1. Planks
Planks are a foundational exercise renowned for their ability to sculpt and tone the midsection, back, and sides. This deceptively simple isometric movement engages the entire core, activating muscles such as the rectus abdominis, transverse abdominis, and obliques.
"Planks are a staple in any core workout routine for good reason. Planks are a comprehensive exercise that targets the entire core, including the midsection, back, and sides. By engaging the deep core muscles, planks help in building endurance and strength throughout the core," says White.
2. Russian Twists
This rotational movement engages the rectus abdominis, obliques, and transverse abdominis, creating a comprehensive workout for the core. The twisting motion not only targets the front of the abdomen but also activates the muscles along the sides, particularly the obliques, contributing to a sculpted waistline.
White says, "When it comes to targeting those stubborn love handles, Russian twists are my go-to exercise. By twisting from side to side while holding a weight, you engage the oblique muscles, helping to sculpt and define the waistline."
3. Side Planks
This exercise challenges the core muscles to maintain stability while also working the muscles along the sides of the torso, promoting strength and toning. Side planks not only help sculpt and define the waistline but also improve overall core stability and balance.

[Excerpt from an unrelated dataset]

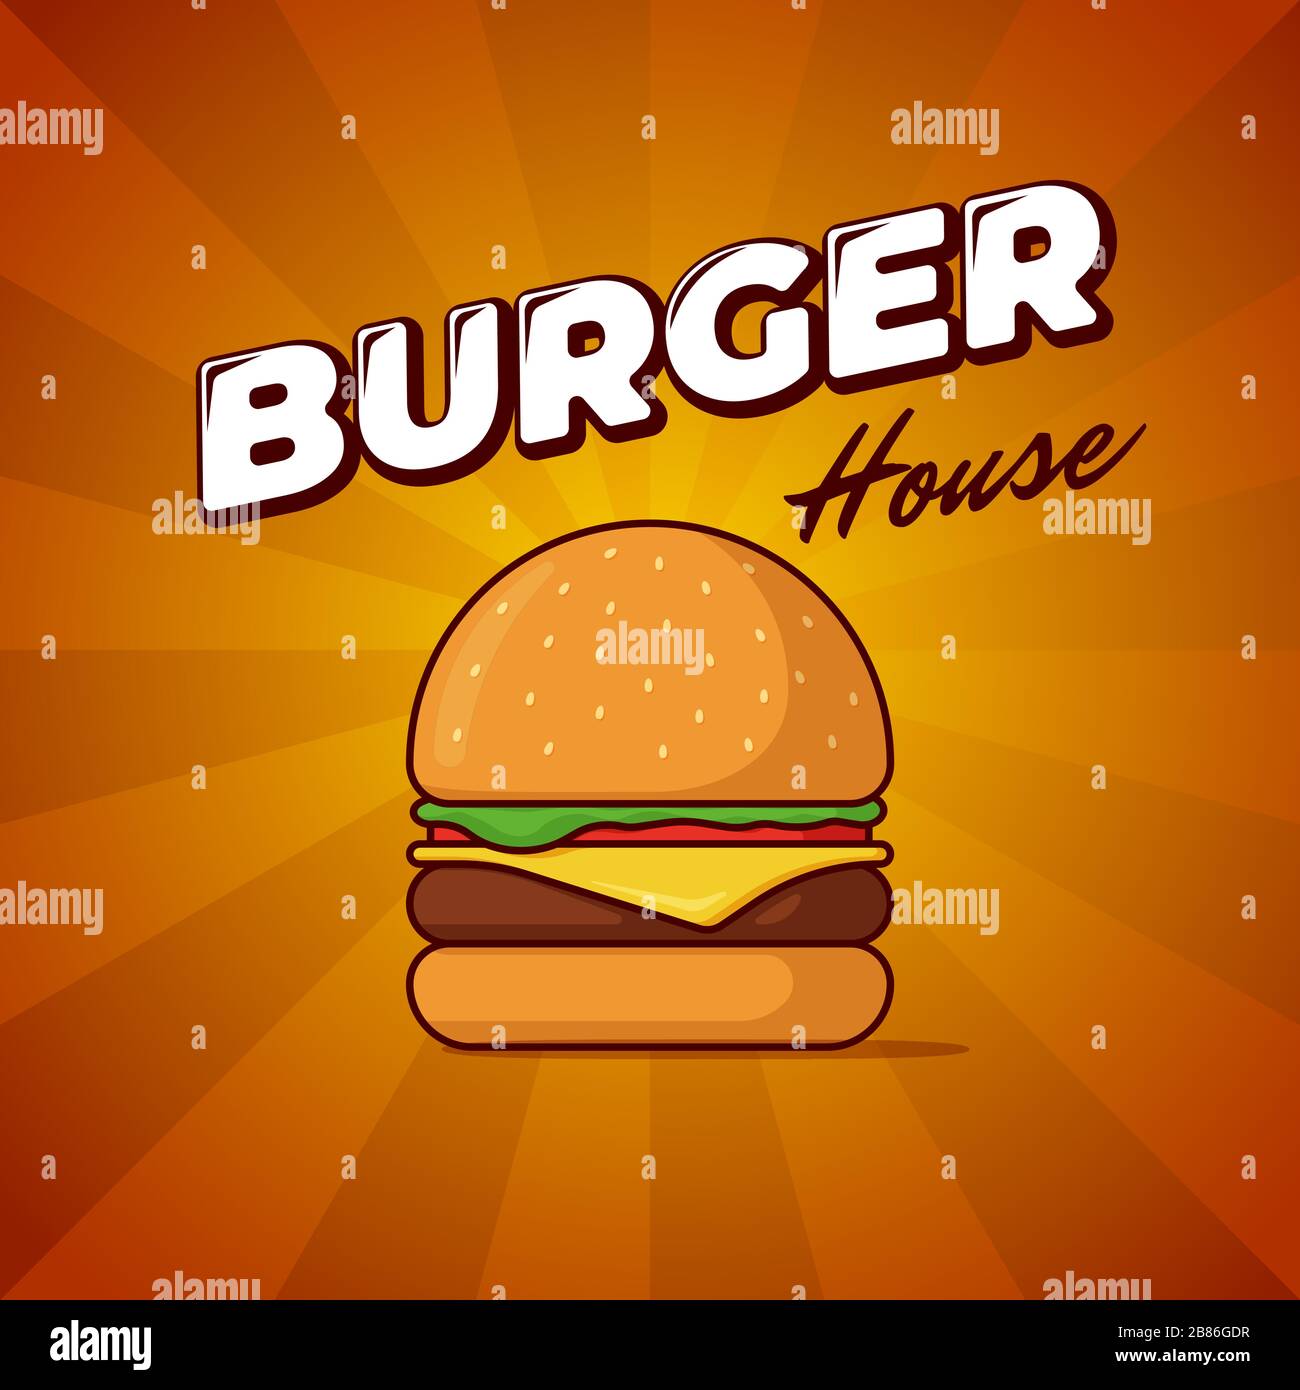 fast food advertisement posters

White says that "side planks primarily target the obliques, the muscles on the sides of the torso. They also engage the quadratus lumborum and erector spinae muscles in the lower back, promoting lateral stability and strength."
4. Seated Twists
Seated twists are excellent exercises for targeting and toning the sides, back, and midsection while offering the convenience of being performed in a seated position. By rotating the torso from side to side while sitting upright, individuals engage the oblique muscles, rectus abdominis, and muscles along the spine.

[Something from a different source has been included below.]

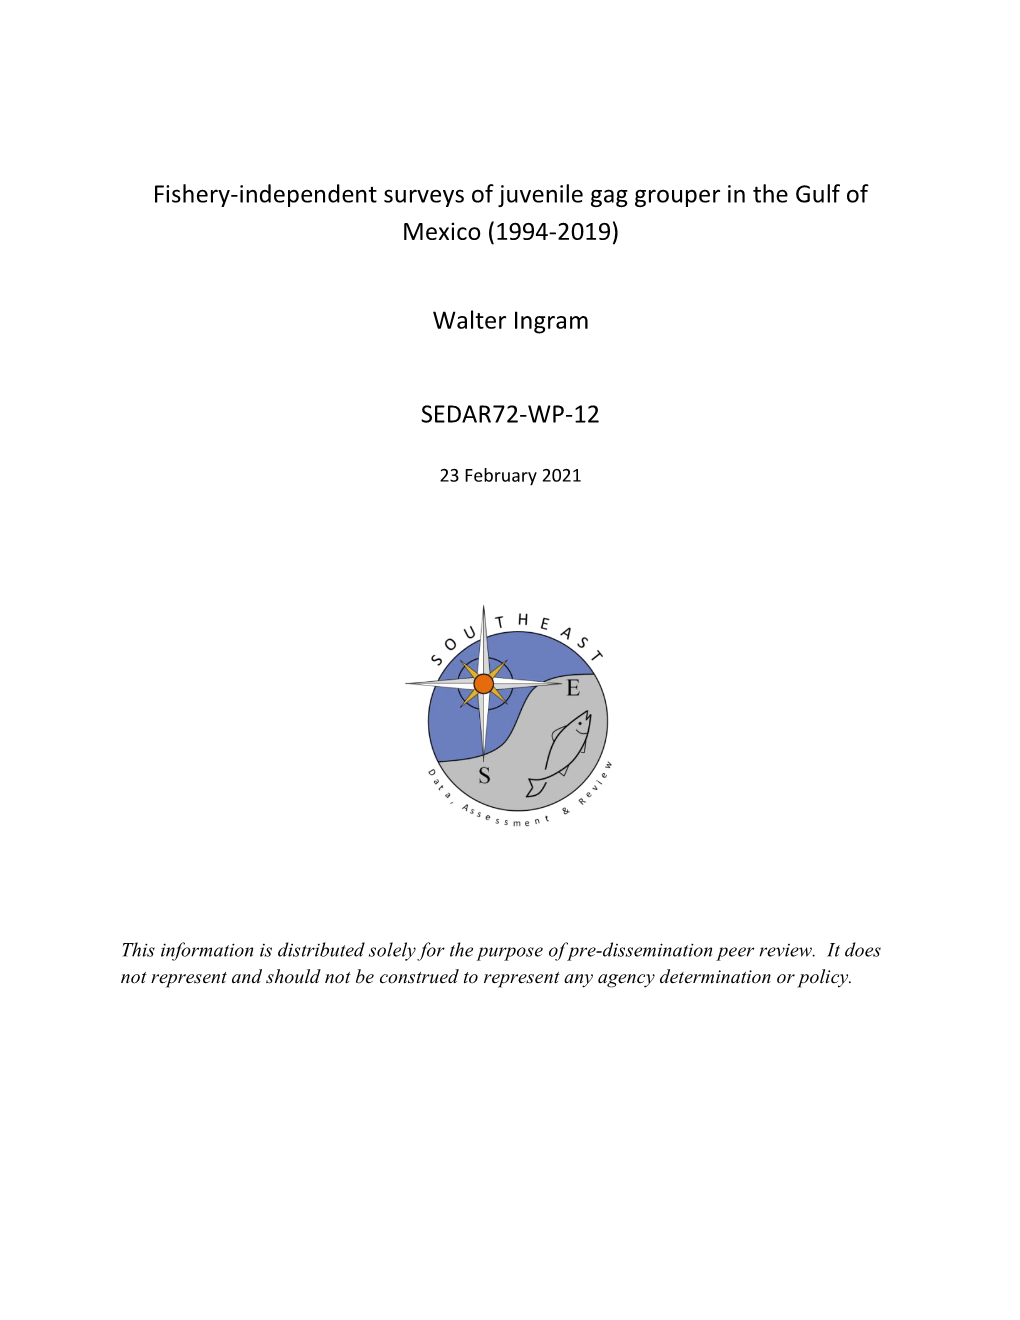 Fishery-Independent Surveys of Juvenile Gag Grouper in the Gulf of Mexico (1994-2019)

"Seated twists engage the obliques and transverse abdominis, promoting core stability and toning the waistline. They also activate the muscles along the spine, enhancing spinal mobility and posture," he notes.

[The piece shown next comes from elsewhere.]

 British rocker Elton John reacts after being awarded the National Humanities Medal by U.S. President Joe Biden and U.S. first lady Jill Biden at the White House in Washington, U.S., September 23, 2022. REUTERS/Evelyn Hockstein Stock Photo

5. Seated Bicycle Crunches
This exercise engages the abdominal muscles, including the obliques, while seated, providing a low-impact alternative for those with mobility concerns. Seated bicycle crunches promote core strength and stability, helping to tighten and tone the muscles around the waistline. By targeting the sides and back, this exercise contributes to the reduction of excess fat deposits in these areas.
White says the benefits of this workout is that it "targets the core, especially the obliques, aiding in the reduction of side fat."
6. Deadlifts
Deadlifts are a fundamental compound exercise that not only builds overall strength but also plays a pivotal role in toning the midsection, back, and sides. This full-body movement engages the core muscles, including the rectus abdominis and transverse abdominis, as they work to stabilize the spine during the lift.
"Deadlifts are a powerhouse exercise that not only works the lower back but also targets the hamstrings, glutes, and core. Proper form is key here to prevent injury and maximize effectiveness, so I always recommend starting with lighter weights and focusing on technique before adding more resistance. Deadlifts are great for strengthening the lower back, improving posture, and engaging the muscles along the spine and the lower part of the midsection," says White.
7. Plank Hip Dips
Plank hip dips are a dynamic 2-in-1 exercise designed to target the abdominal muscles and obliques, offering effective assistance in combating flabby stomach and sides. This twisting motion engages the oblique muscles while the plank position activates the entire core, providing a comprehensive workout for the midsection.
White says this workout is a "dynamic variation of the traditional plank that focuses on the obliques while strengthening the entire core. This movement adds a rotational component to the plank, increasing the engagement of the oblique muscles. It also helps in building a stronger, more stable core, which can contribute to a firmer midsection."
8. Chair Dips
Chair dips are a valuable addition to a fitness routine for individuals aiming to slim down excess fat in the back and sides. This exercise primarily targets the triceps, shoulders, and the muscles of the back, contributing to improved strength and tone in these areas.
"Chair dips work the triceps and the muscles across your upper and lower back, helping to reduce back fat," he notes.
9. Seated Leg Lifts
Seated leg lifts offer a targeted and accessible chair exercise that aids in slimming down fat in the back and sides. This workout focuses on engaging the muscles of the lower abdomen, hips, and thighs, promoting strength and toning in the core and lower body. As these muscle groups are activated, they help increase overall metabolism.
"This exercise engages the core and improves posture by strengthening the back muscles," White states.